The Advisors' Blog

This blog features wisdom from respected compensation consultants and lawyers

May 26, 2016

19 Get Perks Valued Over $1 Million

Broc Romanek, CompensationStandards.com

Here’s an article from the USA Today:

Big paychecks and options grants are two ways that CEOs score. But there also are perks – worth millions or more in some cases – that continue to be paid despite greater scrutiny over such windfalls. There are 19 current CEOs, including Omar Ishrak of medical device company Medtronic (MDT), Dion Weisler of HP (HPQ) and Mark Zuckerberg of social networking giant Facebook (FB), who were awarded “other compensation” – or perks as they’re commonly called – valued at $1 million or more in the most recent fiscal year, according to a USA TODAY analysis of data from S&P Global Market Intelligence. “We rarely see perks over $1 million,” says Dan Marcec, director of content at executive pay tracker Equilar. “When you do, you can venture to say they are unusual.”

Perks such as the personal use of the corporate jet or membership dues to country clubs continue to be a controversial way to pay CEOs. Perks have been flat for several years as investors pay closer attention to them. Big perk packages largely fell out of favor around 2011 when new regulation shined a bright light on everything companies were paying executives, says Robert Newbury, director on executive compensation at Willis Towers Watson. Suddenly additional disclosures prompted many companies to cut these payments, Marcec says. From 2011 through 2012, the number of Fortune 100 CEOs that got aircraft perks, for instance, fell 3.9 percentage points to 38.9%, Marcec says.

Pricey perks are still around, but are mostly ones companies think are highly defensible, Marcec says. The biggest total perk award, valued at nearly $26 million, went to Medtronic’s Ishrak. The value of his perks amounts to 65% of the total $39.5 million he was paid in fiscal 2015. Nearly all those perks were associated with the company repaying a tax Ishrak was hit with following the company’s corporate inversion, which moved its headquarters to Ireland.

When Medtronic bought Ireland’s Covidien, that triggered a capital gains tax that all investors including Ishrak had to pay. It also triggered an excise tax from the federal government, which serves as a sort of penalty for such moves. The company repaid that excise tax back to Ishrak as well as other members of the management team.
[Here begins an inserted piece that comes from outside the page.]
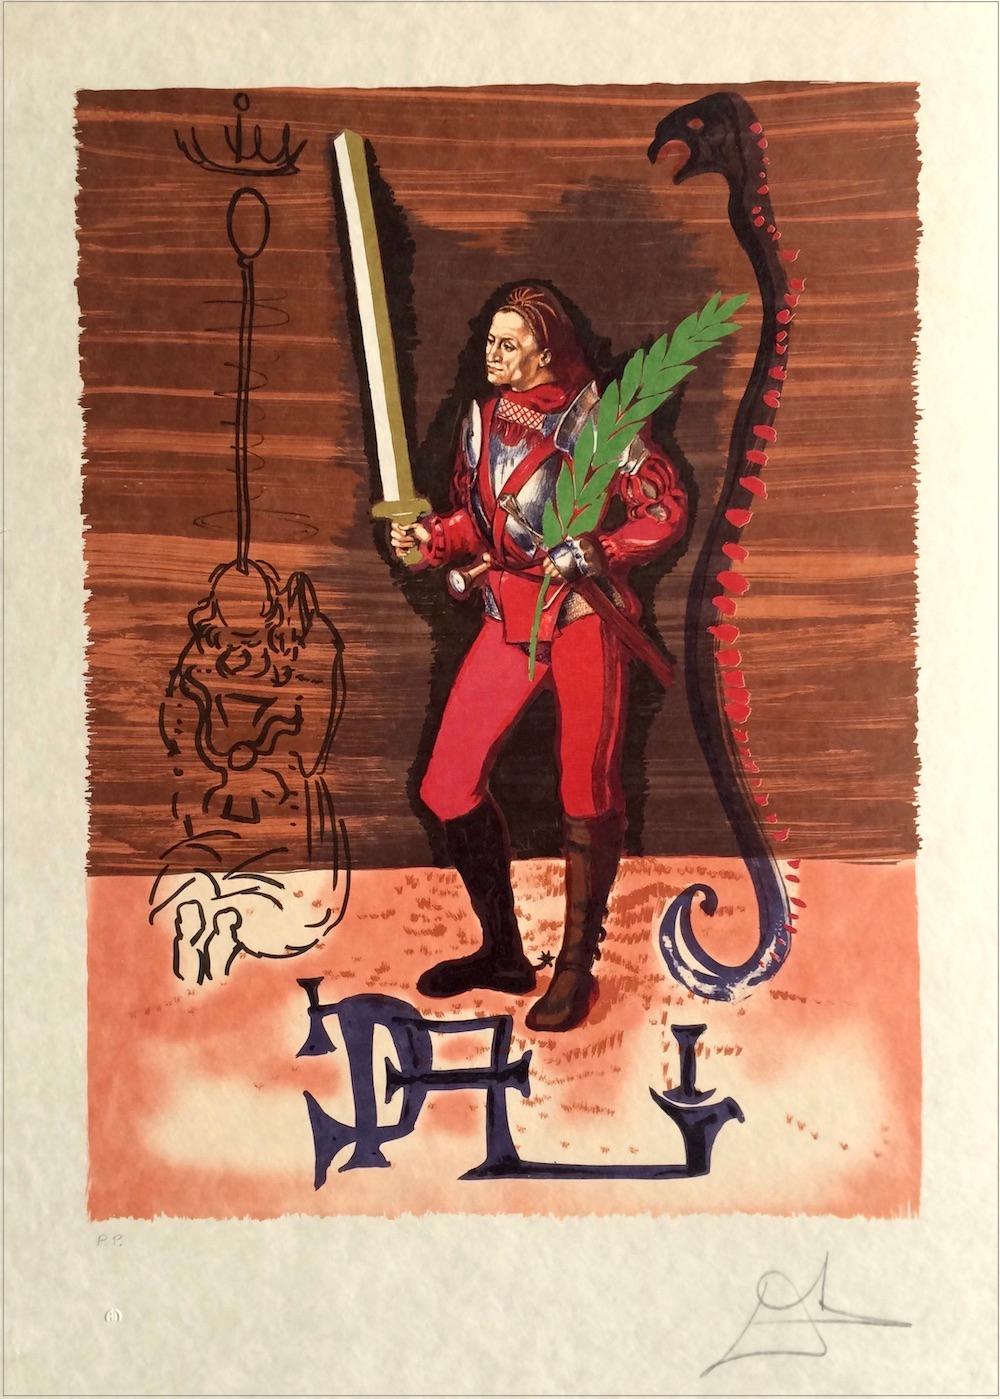 Salvador Dalí Figurative Print - COLUMBUS DISCOVERS AMERICA(Jack of Swords) Signed Lithograph on Japon Paper, Red

The “gross up” payment was made to allow management “to focus on what is in the best interests of the company, and not on their personal finances,” according to a statement from company spokesman Fernando Vivanco.

Payments to help CEOs pay big tax liabilities continue to be sources of big big perks. HP’s Dion Weisler pulled in perks of $12.1 million – coming from several key benefits. Weisler got a $9.1 million payment in order to cover additional taxes resulting from the fact Weisler moved to the U.S. But there other perks connected to his move. Weisler, who used to live in Singapore, was paid $2.4 million to pay for his permanent relocation to Palo Alto, Calif., where the company is based.

Seems like being a famous CEO comes with a cost – one that companies might help pay. Facebook’s Zuckerberg is paid $1 in salary and has been given no stock grants for years for his role as CEO. But he received $5 million in perks – of which $4.3 million is connected with costs of personal security at his home and during personal travel. Just showing how much more costly it’s getting to protect Zuckerberg, the cost of his personal security is up 61% from 2013.

Keeping Zuckerberg protected also costs nearly three times more than the $1.6 million Amazon has paid to secure its famous billionaire CEO, Jeff Bezos. Bezos’ security program had been one of the most costly for years, Marcec says, but has been easily surpassed by Zuckerberg’s. Facebook declined to comment. But Facebook’s regulatory filing states, “Because of the high visibility of our company, our compensation and governance committee has authorized an ‘overall security program’ for Mr. Zuckerberg to address safety concerns due to specific threats to his safety arising directly as a result of his position as our founder, Chairman, and CEO.”

Like Zuckerberg, Steven Kean, CEO of energy firm Kinder Morgan received $1 in salary and was paid no bonus or stock awards. His entire $1.1 million in compensation for 2015 came from “other compensation.” That payment represented dividend equivalents, or payments due on stock he has not yet vested. Kean requested “that he not receive dividend equivalent payments on his shares of restricted stock for the third and fourth quarters of 2015,” according to an email from spokesman Richard Wheatley. “His total compensation for 2015 consists of dividend equivalents on his shares of restricted stock for the fourth quarter of 2014 and the first and second quarters of 2015 and certain benefits available to our U.S. employees generally.”

So while companies are cutting back in perks overall, there are still big ones companies think are worth the price – and scrutiny. “Companies’ evaluation determines if (perks) satisfy a business need to help executives perform seven days a week,” Newbury says. “If companies can justify them, they leave them in.”